Add an opening hook — inserts a styled hook text overlay at the start (3 seconds by default; bold, boxed, or minimal looks). The best hooks quote your own transcript rather than stock phrases.
Add a title or text — a styled text overlay: font, size, weight, color, alignment, position, and an optional background box.
Add a shape — a graphic overlay: rectangle, ellipse, triangle, star, heart, arrow, line, speech bubble, progress bar, and more.
Add an animated overlay card — a transparent-background animated graphic: 11 lower-third designs (like Clean Bar), data callouts and stat count-ups, charts, code cards, X Post receipts, follow CTAs, a news ticker, and an outro card — plus fully custom cards the agent can design from scratch (self-contained, animated with CSS only).
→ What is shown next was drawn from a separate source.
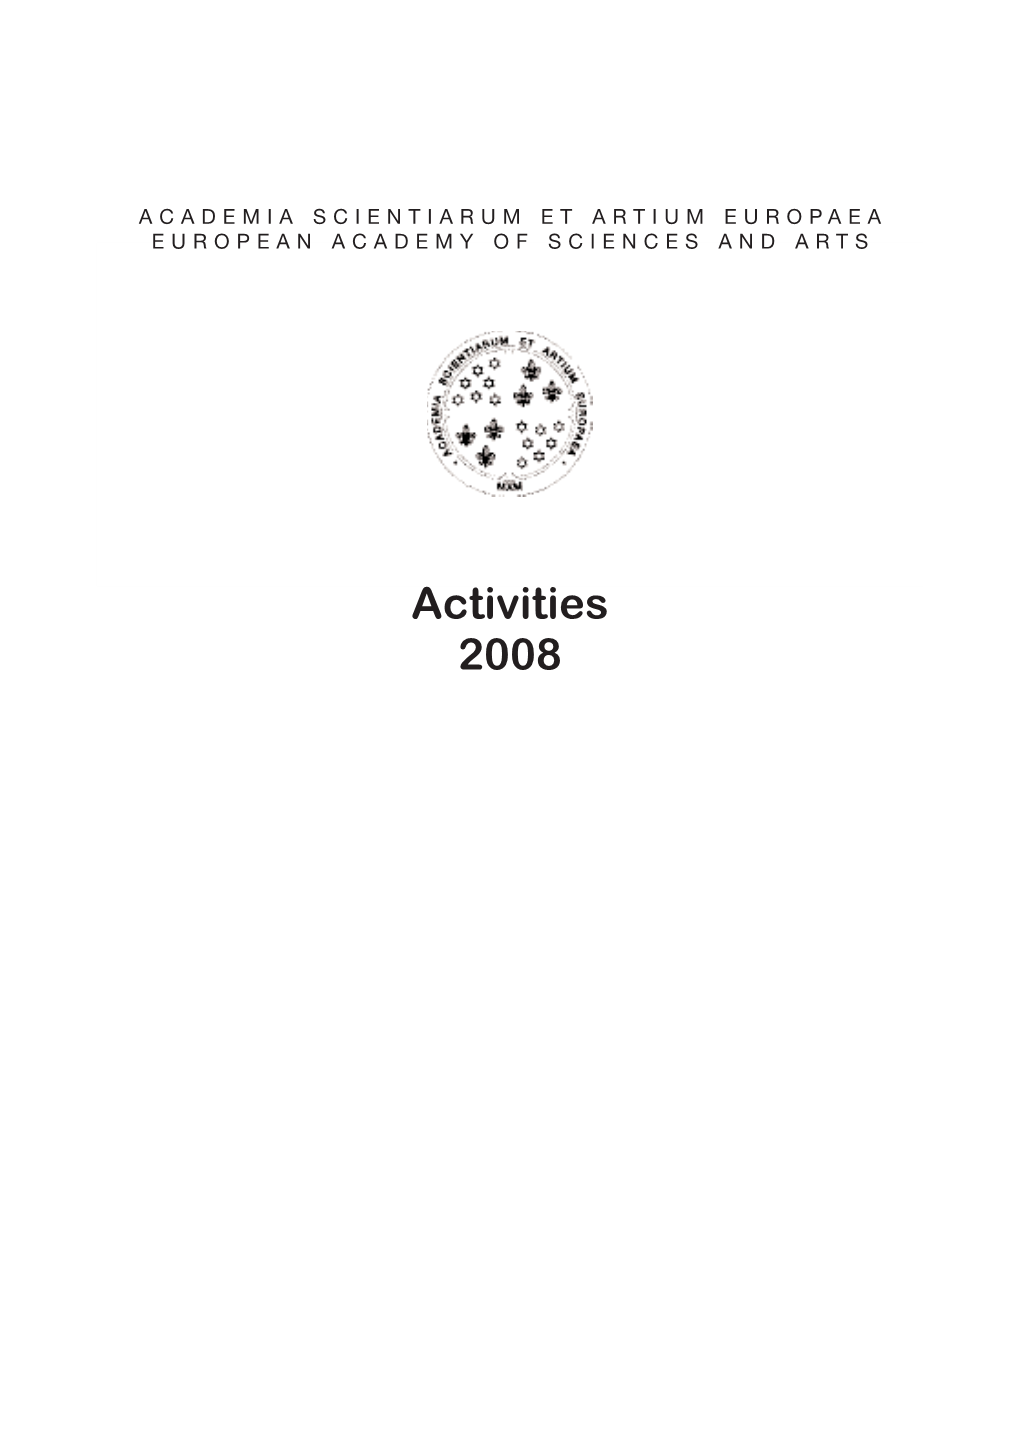 Activities 2008 ACTIVITIES 2008

See /docs/editing/animated-overlay-cards.
Balance the audio mix — a creator-style mix of the audio already on your timeline: voice at 0 dB, music beds at −18 dB, sound effects at −8 dB, quarter-second fades, and it can mute embedded camera audio when a separate voice track exists. It mixes what's there — it doesn't fetch music. See /docs/agent/sound-design.

Check the work

Run pass/fail checks — read-only. Simple checks against the project: is the video under a target length, does it have captions, does it have media, is the canvas portrait, is the timeline non-empty.
Get a critique — read-only. A quality review of the edit — content, canvas, captions, hook, overlay mistakes, duration, and transcript repetition — through the lens you pick: social (the default), podcast, UGC ad, product demo, story, or music.
Have AI watch the edit — read-only. Renders the current cut and has AI watch it like an editor would: readability, pacing dead spots, audio problems, the hook, and a ship/no-ship verdict with concrete fixes. Reviews work for cuts up to 2 minutes; longer timelines are skipped.

The agent runs these on its own before finishing — and a quality gate sends it back to fix things if its latest check failed. See /docs/agent/quality-checks.